While the structure of the paragraph is inverted, several portions of it mirrored the language in a 2008 report from the Associated Press.
“The report, issued by America’s Promise Alliance, found that about half of the students served by public school systems in the nation’s largest cities receive diplomas,” the AP report reads. “Nationally, about 70 percent of U.S. students graduate on time with a regular diploma and about 1.2 million students drop out annually.
The section on Detroit’s public school system appears to have been copied nearly verbatim, “In Detroit’s public schools, 24.9 percent of the students graduated from high school, while 30.5 percent graduated in Indianapolis Public Schools and 34.1 percent received diplomas in the Cleveland Municipal City School District.”
Ms. Harris’ book references newspapers that are “full of stories about all the top students who can’t get into Ivy League schools despite high grade-point averages” and laments that the “less frequently covered” issue of high-school drop-out rates. Her book declines to provide attribution for the AP report about drop-out rates from which the section appears to have copied.
In another example, Ms. Harris and her co-author appear to have copied directly from a press release issued by the John Jay School of Criminal Justice about a North Carolina police department’s strategy to crack down on a drug market.
“High Point had its first face-to-face meeting with drug dealers, from the city’s West End neighborhood, on May 18, 2004. The drug market shut down immediately and permanently, with a sustained 35 percent reduction in violent crime. High Point repeated the strategy in three additional markets over the next three years. There is virtually no remaining public drug dealing in the city, and serious crime has fallen 20 percent citywide,” Ms. Harris’ book reads. “The High Point Strategy has since been implemented in Winston-Salem, Greensboro, and Raleigh, North Carolina; in Providence, Rhode Island; and in Rockford, Illinois. The U.S. Department of Justice is launching a national program to replicate the strategy in ten additional cities.”
Except for spelling out the word “percent,” not abbreviating state names, and including “additional” at the end, that section is a word-for-word match of the John Jay press release.
Mr. Rufo says Ms. Harris appears to have copied directly from Wikipedia in one passage, despite long standing concerns about the online encyclopedia’s accuracy. He also says the book “misstated a relevant detail” from Wikipedia.
The Sun reached out to the Harris campaign for a comment, but did not hear back by publication time.
When the New York Post contacted Ms. Hamilton about the plagiarism allegations, she responded, “Oh gosh. I haven’t seen anything. I’m afraid I can’t talk to you right now, though, I’m in the middle of something. Let me go try to figure that out.”
Senator Vance mocked the vice president over the allegations, writing on X, “Hi, I’m JD Vance. I wrote my own book, unlike Kamala Harris, who copied hers from Wikipedia.”

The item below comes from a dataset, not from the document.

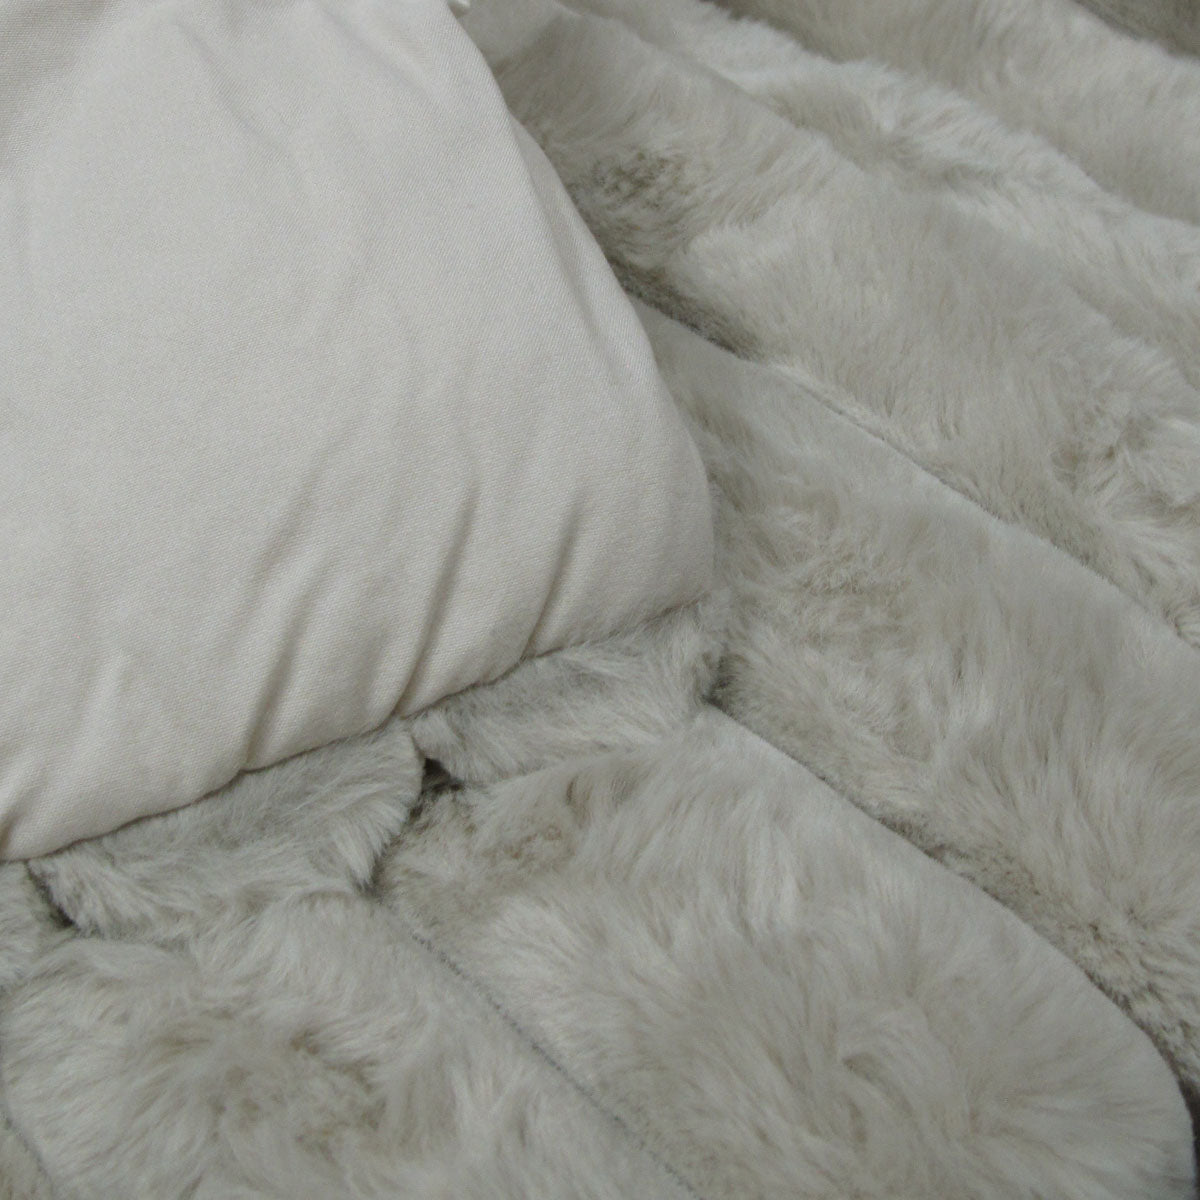 KingJane Barrin gton Arna Natural 3 Pcs Channel Faux Bunny Fur Comforter Set

Mr. Biden had his 1987 presidential bid derailed by a plagiarism scandal after it came to light. The scandal started after Mr. Biden was forced to admit he copied gestures and phrases from the then-leader of Britain’s Labor Party, Neil Kinnock.
Mr. Biden later admitted he also plagiarized from a law review article during his first year of law school, which he said was “a mistake.” Eleven days after the scandal erupted, he dropped out of the race.